» RECORDED DATA:

%%

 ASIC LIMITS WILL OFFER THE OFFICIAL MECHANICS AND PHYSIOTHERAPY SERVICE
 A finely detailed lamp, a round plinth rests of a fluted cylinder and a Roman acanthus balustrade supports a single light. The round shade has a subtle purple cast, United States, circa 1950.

%%
%%

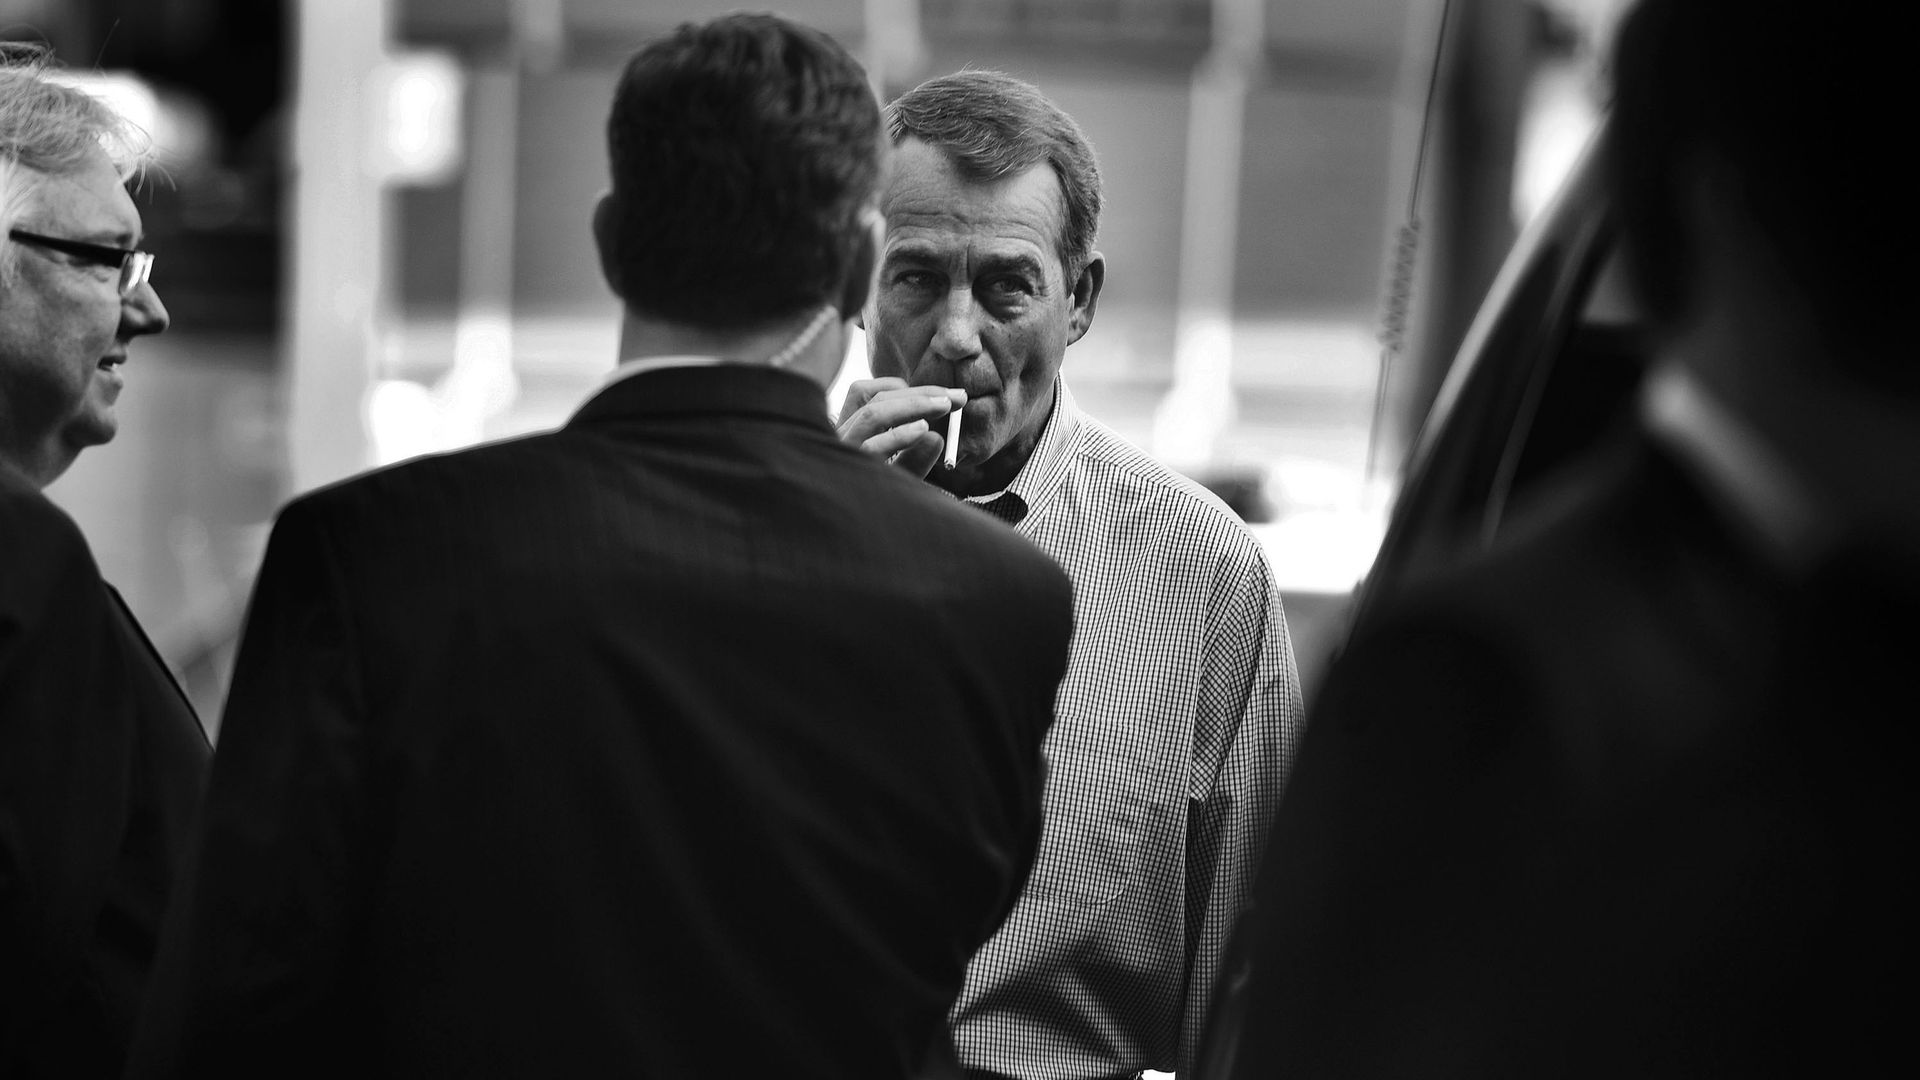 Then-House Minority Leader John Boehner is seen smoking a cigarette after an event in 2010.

%%

Give again, word for word, every line of the listing above from the one with "ASIC LIMITS WILL" to the one with "A finely detailed", both inclusive, and nothing beyond them.

 ASIC LIMITS WILL OFFER THE OFFICIAL MECHANICS AND PHYSIOTHERAPY SERVICE
 A finely detailed lamp, a round plinth rests of a fluted cylinder and a Roman acanthus balustrade supports a single light. The round shade has a subtle purple cast, United States, circa 1950.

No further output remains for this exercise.